Every saved model is a self-describing directory. See artifacts
for the format.
Save
policy is an rfx.nn.Policy instance (e.g., MLP, ActorCritic) after
training. robot_config and normalizer are optional — pass them to make
the artifact self-describing:
from rfx.nn import MLP
from rfx.utils import ObservationNormalizer
policy = MLP(obs_dim=48, action_dim=12) # or any trained Policy
config = rfx.GO2_CONFIG # RobotConfig (built-in or custom)
normalizer = ObservationNormalizer() # optional, bundles obs stats
# ...train policy + fit normalizer...
policy.save(
"runs/go2-walk-v1",
robot_config=config,
normalizer=normalizer,
training_info={"total_steps": 50000},
)
See Policies for how to define and train a policy.
Creates:
runs/go2-walk-v1/
├── rfx_config.json # architecture + robot + training metadata
├── model.safetensors # weights
└── normalizer.json # observation normalizer state
Load
loaded = rfx.load_policy("runs/go2-walk-v1")
loaded = rfx.load_policy("hf://rfx-community/go2-walk-v1")
loaded.policy # reconstructed policy
loaded.robot_config # RobotConfig or None
loaded.normalizer # normalizer or None
loaded.policy_type # "MLP", "ActorCritic", ...
LoadedPolicy is callable and handles torch / tinygrad conversion
automatically.
Inspect
config = rfx.inspect_policy("runs/go2-walk-v1")
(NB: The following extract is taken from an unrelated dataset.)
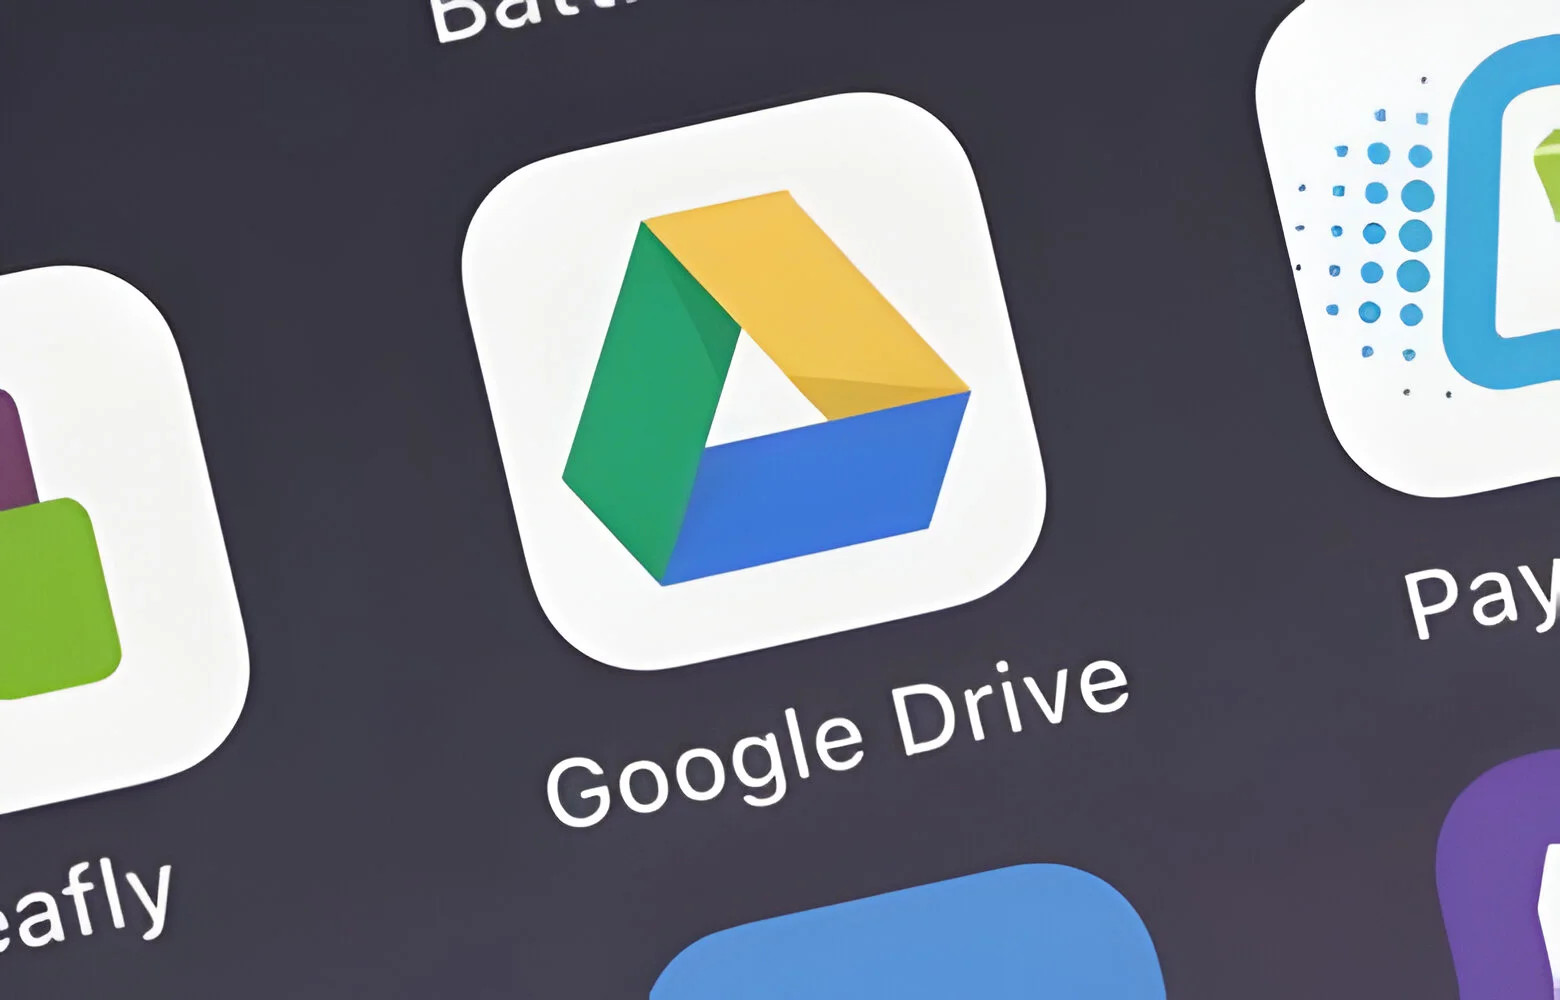 The-Future-of-File-Storage-Exploring-Google-Drives-Latest-Features-and-Updates-
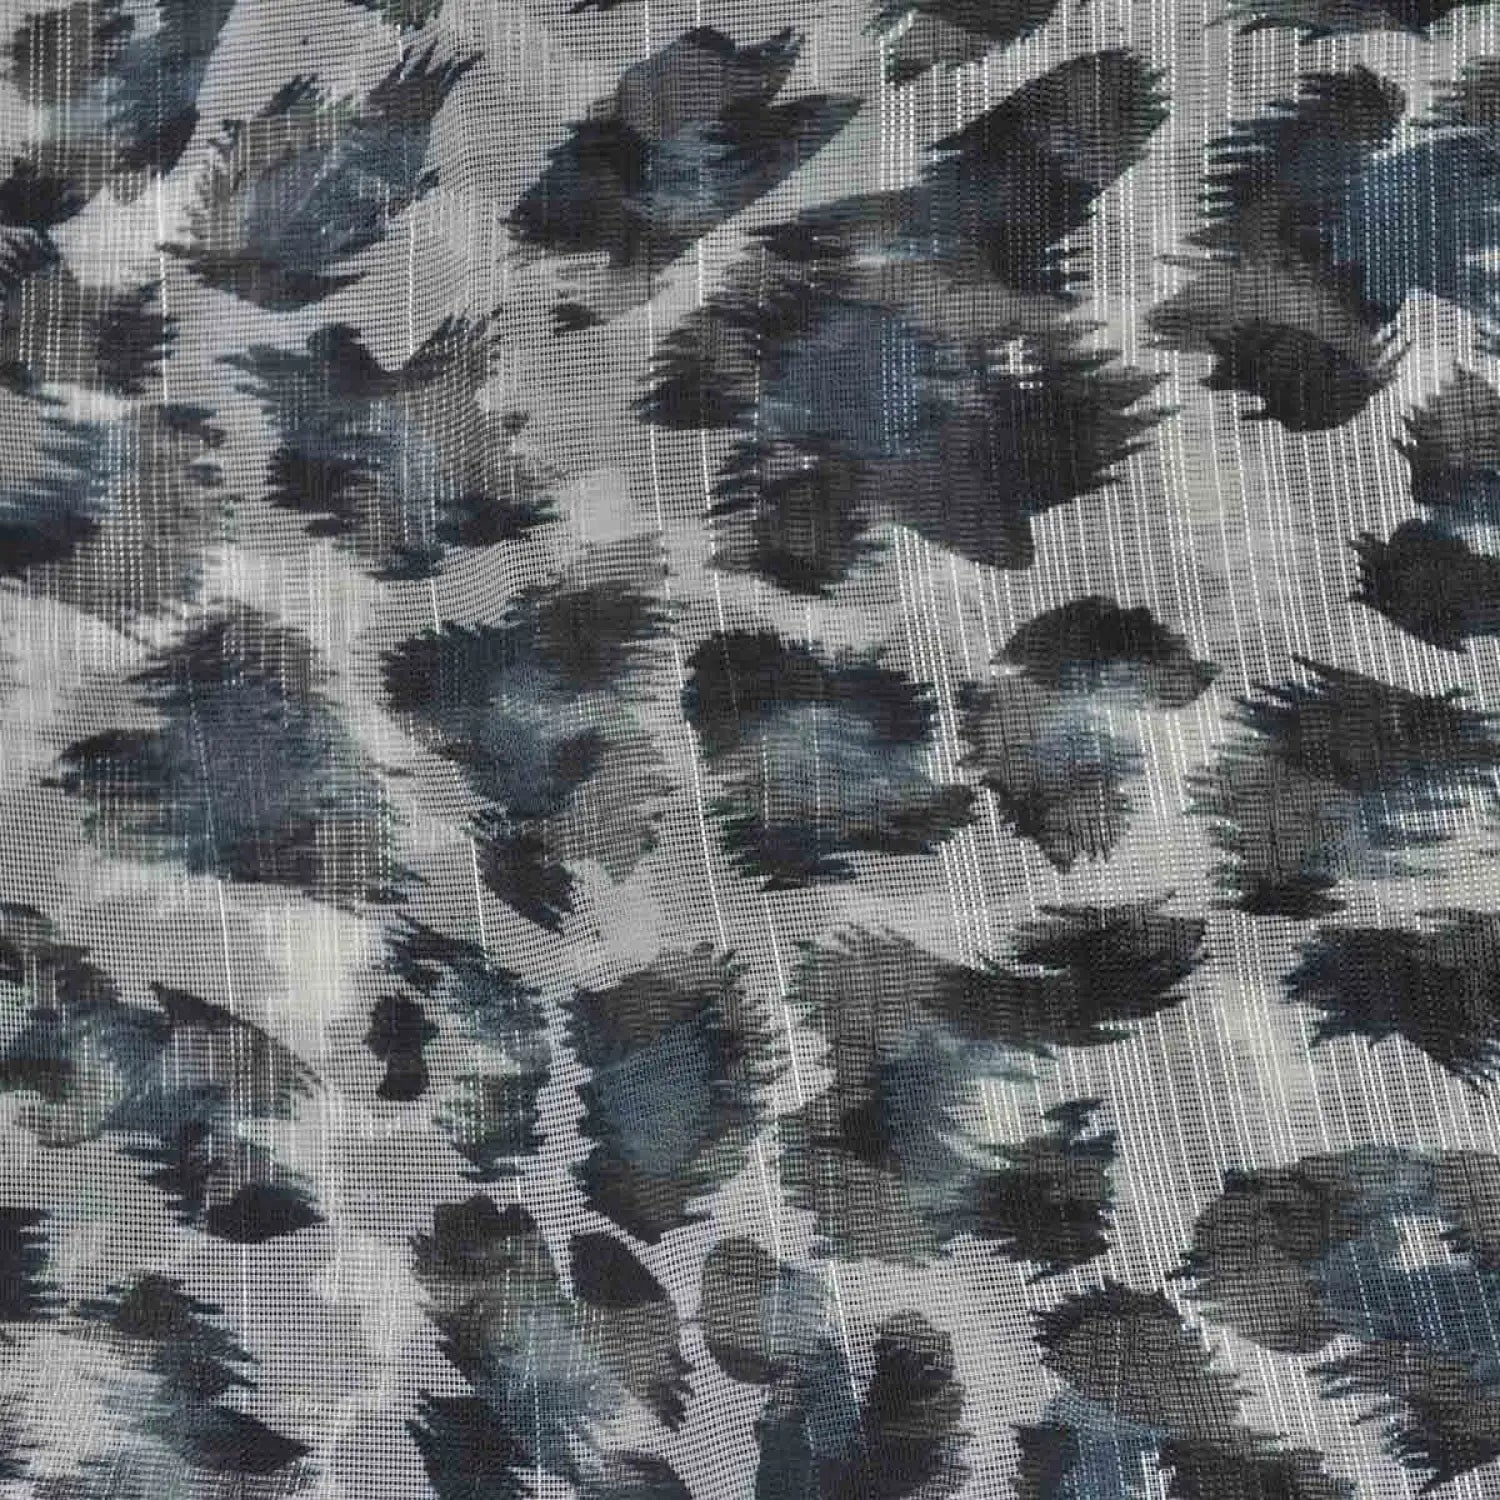 Leopard print chiffon square scarf with grey and black camouflage design

print(config["policy_type"]) # "MLP"
print(config["policy_config"]) # {"obs_dim": 48, ...}
HuggingFace Hub
Push:
rfx.push_policy("runs/go2-walk-v1", "rfx-community/go2-walk-v1")
Pull (at load time):
loaded = rfx.load_policy("hf://rfx-community/go2-walk-v1")
rfx deploy calls load_policy internally. If the artifact’s
rfx_config.json records a robot, --robot is inferred automatically.